● DATA BLOCK:
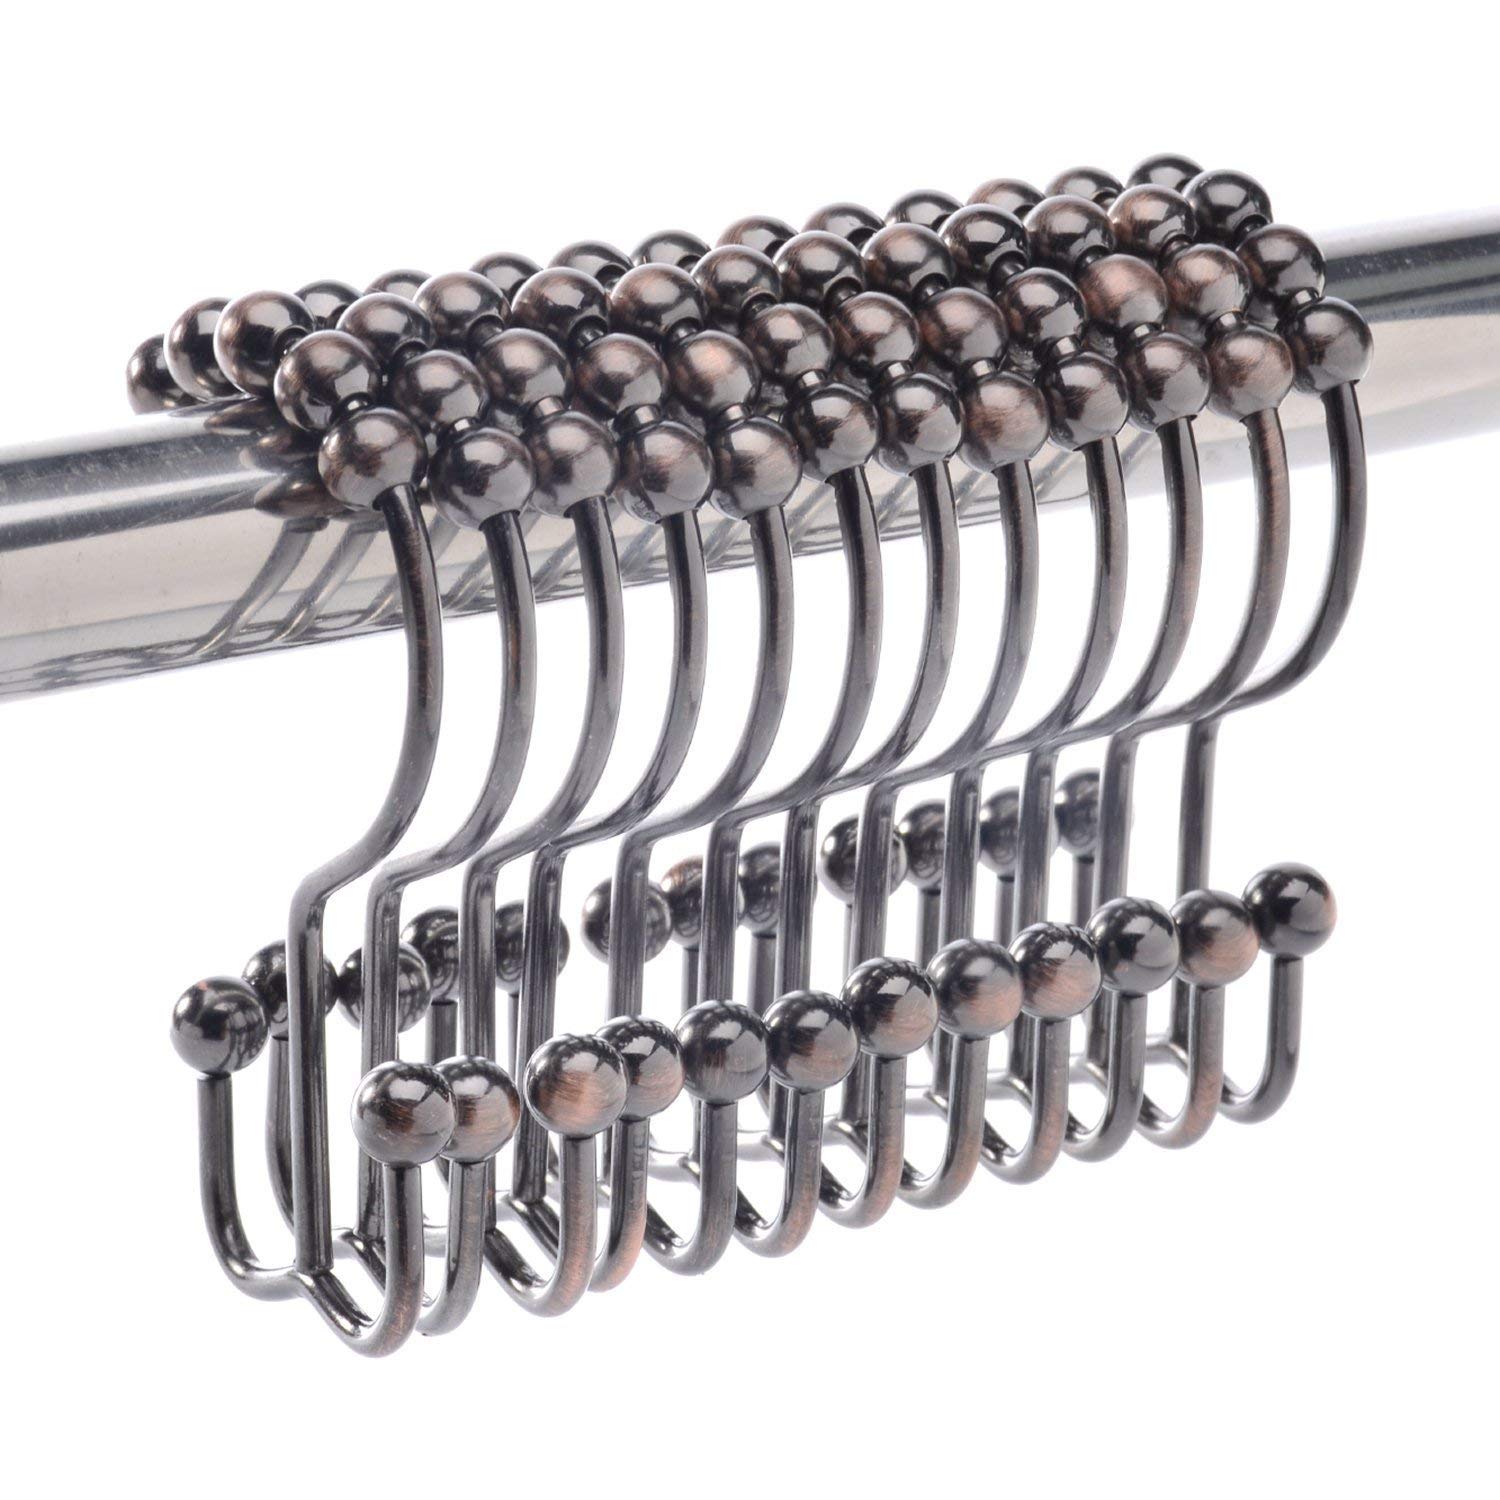 Stainless Steel Ring Hooks – Secure & Durable for 16 mm Rods.
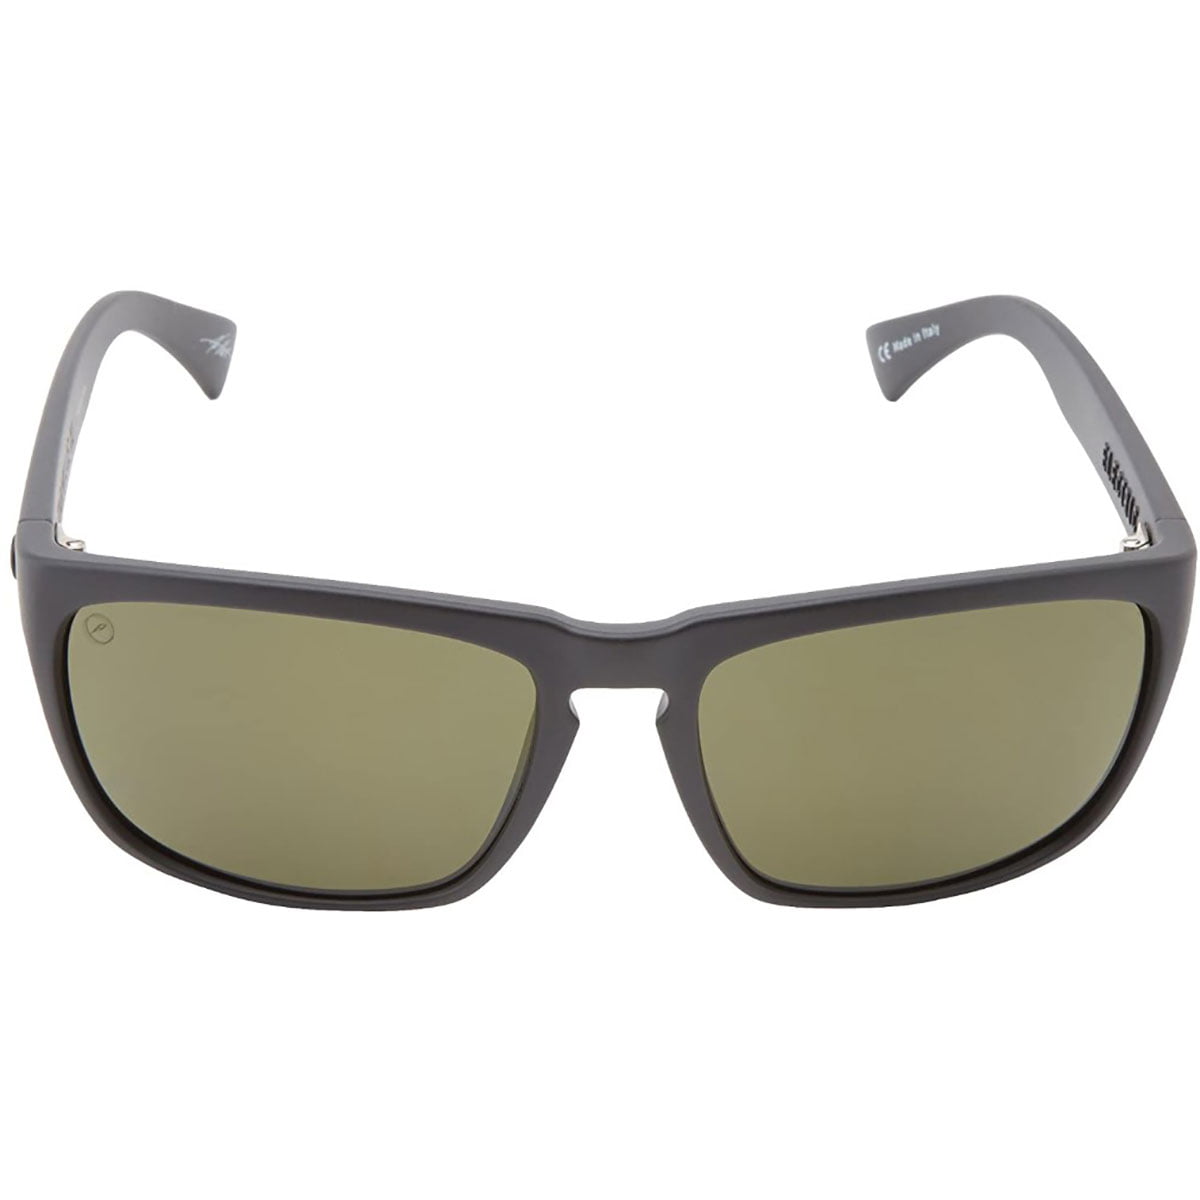 Electric Sunglasses Knoxville XL Matte  Black OHM Polarized Grey  EE11201042
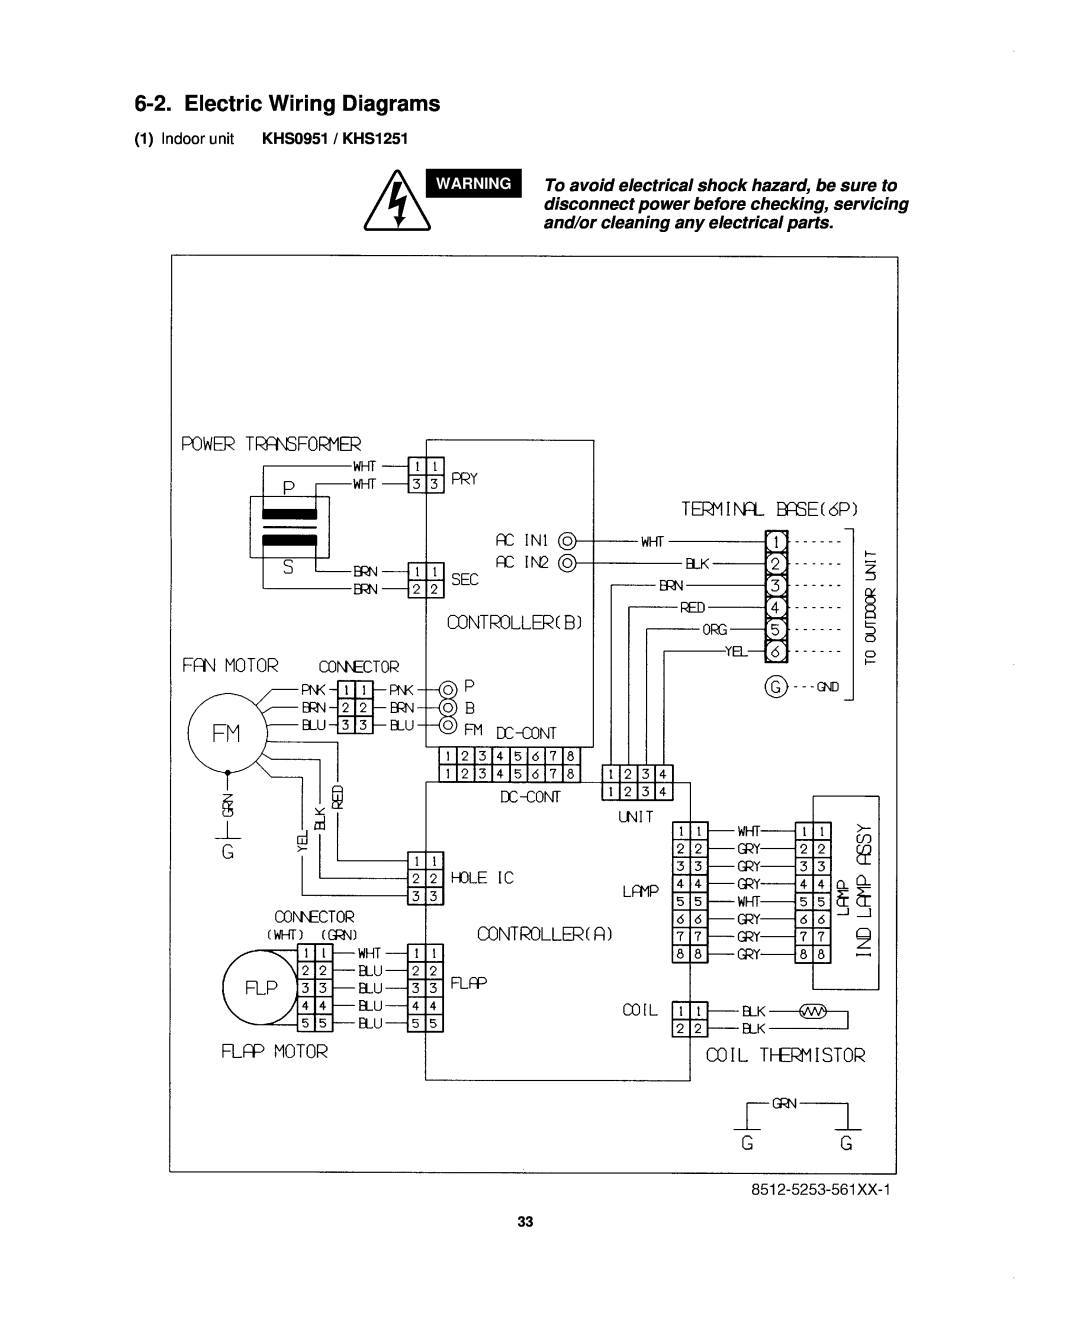 Sanyo CH0952, CH1852, KHS1852-S service manual Electric Wiring Diagrams, Indoor unit KHS0951 / KHS1251 
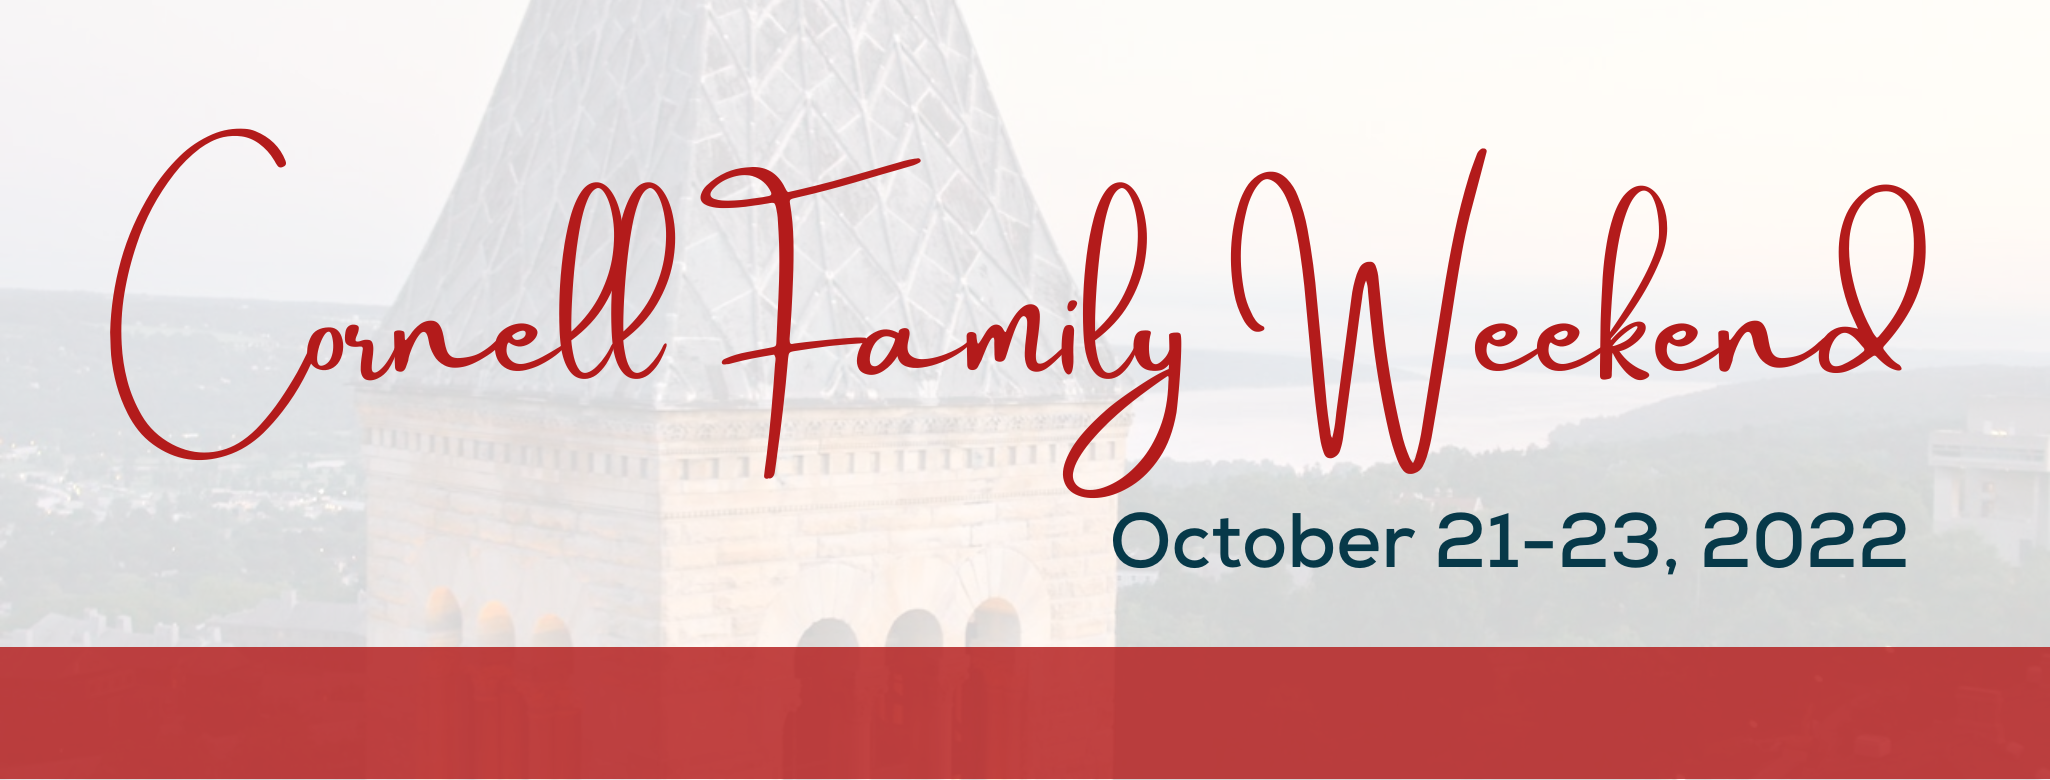 Cornell Family Weekend, October 21-23, 2022

● DIRECTIONS: When an image appears in the data, skip it and output the rest exactly.

● SOLUTION TO THIS TASK:
 Stainless Steel Ring Hooks – Secure & Durable for 16 mm Rods.
 Electric Sunglasses Knoxville XL Matte  Black OHM Polarized Grey  EE11201042
 Sanyo CH0952, CH1852, KHS1852-S service manual Electric Wiring Diagrams, Indoor unit KHS0951 / KHS1251 
 Cornell Family Weekend, October 21-23, 2022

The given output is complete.